By deploying a modern two-way communications network, a utility can remotely configure a device’s operational parameters and continuously monitor that equipment for anomalies or changes to settings. If such events occur, the control center is automatically notified and an operator is assigned to determine a course of action.
In this scenario, the operational center maintains the configuration of all devices in a central secure database. As unauthorized change alerts are received, the utility staff can take action to determine the appropriate next steps including remotely pushing the correct configuration settings back out to the device. If an authorized technician changes the device in the field, the utility staff in the control center can pull the configuration from the reprogrammed device and update the central repository with the new configuration. As with TPM functionalities, configuration control can improve utility response time to unexpected events and improve system resiliency.
Software Updates
Vendors periodically release updates to the software programs that run utility systems and equipment. As in the case of current configuration control practices, utilities typically dispatch a technician to the field to manually update the devices. This leads to a similar problem of multiple software versions running across a utility’s equipment base.

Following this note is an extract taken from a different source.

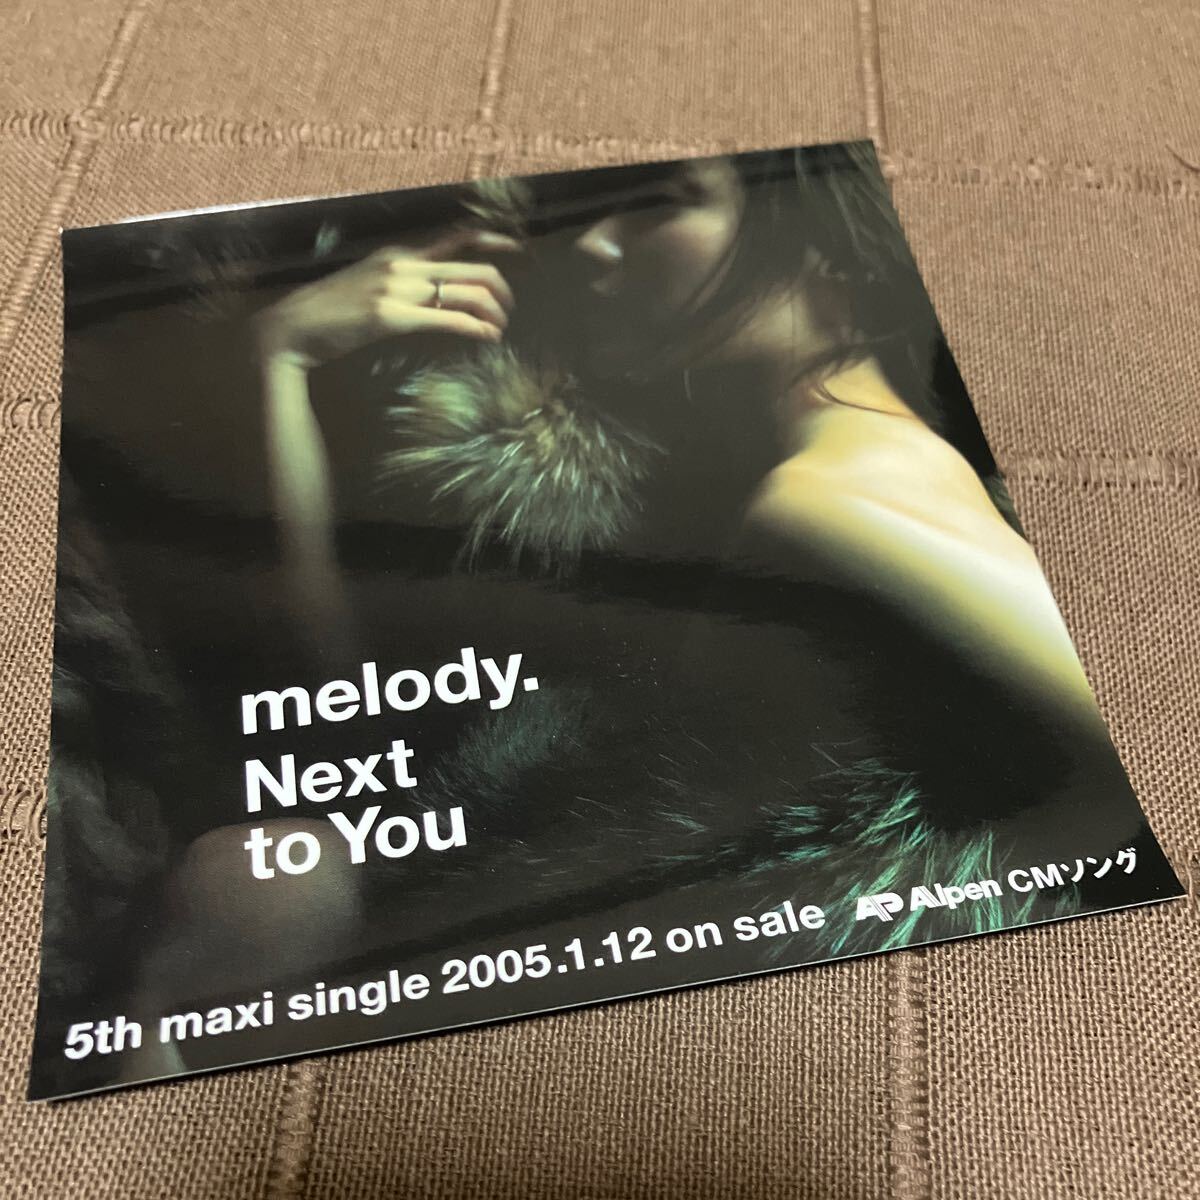 非売品 音楽CD melody. Next to You Alpen CMソング 5th maxi single 2005.1.12 on sale プロモ盤 ジャケ違い 鬼レア PRTF-990_画像9

Using the same communications network described above, utilities can remotely update field devices from the control center. This process can be secured through a combination of vendor-specific private key certificates and embedded public key certificates. Specifically, a software vendor will digitally sign a software update with a unique private key certificate. By using the vendor’s public signing key, the utility can verify that the software update came from that vendor and was not altered in transit. The vendor will also embed the public key certificate of authorized users in the hardware prior to shipping. This methodology of certificates enables a device to verify a user’s signature prior to accepting a software update, thereby introducing an additional trust-based control to the utility’s operations. To avoid the simultaneous operation of inconsistent software versions, the system that updates the embedded software must function in a full transactional mode. This allows an operator to specify a group of devices to be updated with a single software package. At the end of the updating process, all equipment will be running the same revision level; however, if one device fails to update, all of the devices roll back to their previous version to ensure consistent and reliable operations.
Roadmap Recommendations
Utility operators should consider establishing trust in the equipment on their systems in order to improve grid resiliency. While trust-based controls are typically designed to defend against cyber-based threats, these same controls can drastically enhance a utility’s ability to detect and recover from equipment anomalies or system integrity problems, especially during weather-related events.
To establish an appropriate level of trust, utilities should focus their efforts on three activities:
- Ensure that equipment consistently starts in a known good state through the use of TPM and software verification techniques.
- Deploy an automated secure communications network to control and update equipment operational configurations.
- Utilize the secure communications network to conduct transaction-based software updates of field devices.